Kartik Goyal, Graham Neubig, Chris Dyer et al.

Beam search is a desirable choice of test-time decoding algorithm for neural sequence models because it potentially avoids search errors made by simpler greedy methods. However, typical cross entropy training procedures for these models do not directly consider the behaviour of the final decoding method. As a result, for cross-entropy trained models, beam decoding can sometimes yield reduced test performance when compared with greedy decoding. In order to train models that can more effectively make use of beam search, we propose a new training procedure that focuses on the final loss metric (e.g. Hamming loss) evaluated on the output of beam search. While well-defined, this "direct loss" objective is itself discontinuous and thus difficult to optimize. Hence, in our approach, we form a sub-differentiable surrogate objective by introducing a novel continuous approximation of the beam search decoding procedure. In experiments, we show that optimizing this new training objective yields substantially better results on two sequence tasks (Named Entity Recognition and CCG Supertagging) when compared with both cross entropy trained greedy decoding and cross entropy trained beam decoding baselines.

Kartik Goyal, Chris Dyer, Taylor Berg-Kirkpatrick

We demonstrate that a continuous relaxation of the argmax operation can be used to create a differentiable approximation to greedy decoding for sequence-to-sequence (seq2seq) models.

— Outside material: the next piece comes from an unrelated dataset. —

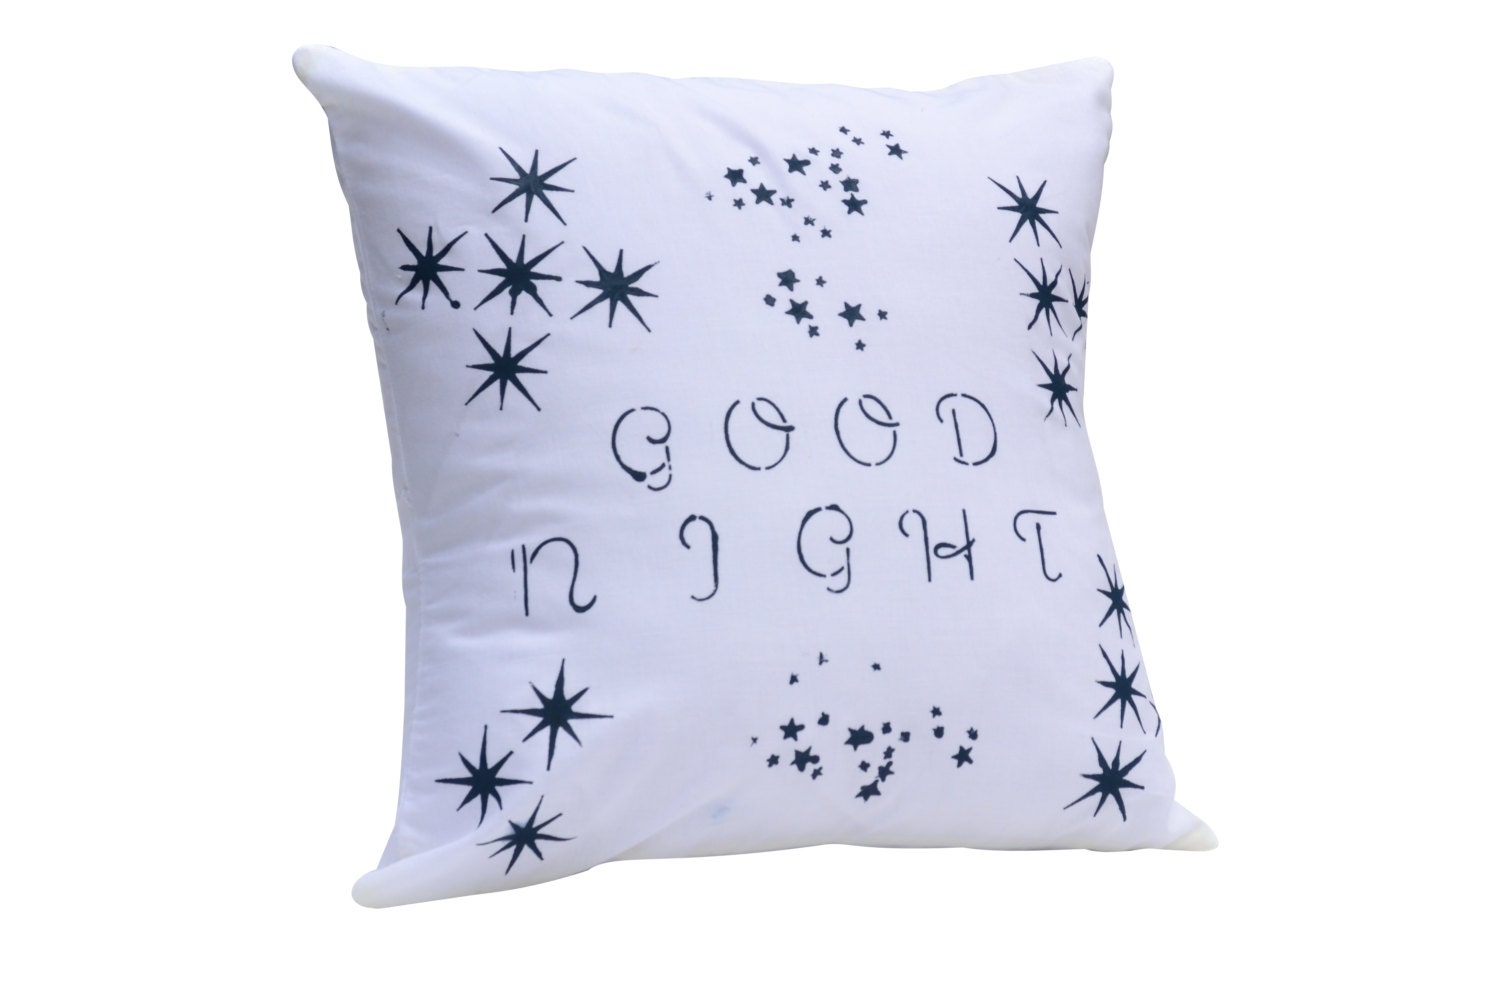 Good Night Hand painted Accent Pillow 16x16 - vlady1

By incorporating this approximation into the scheduled sampling training procedure (Bengio et al., 2015)--a well-known technique for correcting exposure bias--we introduce a new training objective that is continuous and differentiable everywhere and that can provide informative gradients near points where previous decoding decisions change their value. In addition, by using a related approximation, we demonstrate a similar approach to sampled-based training. Finally, we show that our approach outperforms cross-entropy training and scheduled sampling procedures in two sequence prediction tasks: named entity recognition and machine translation.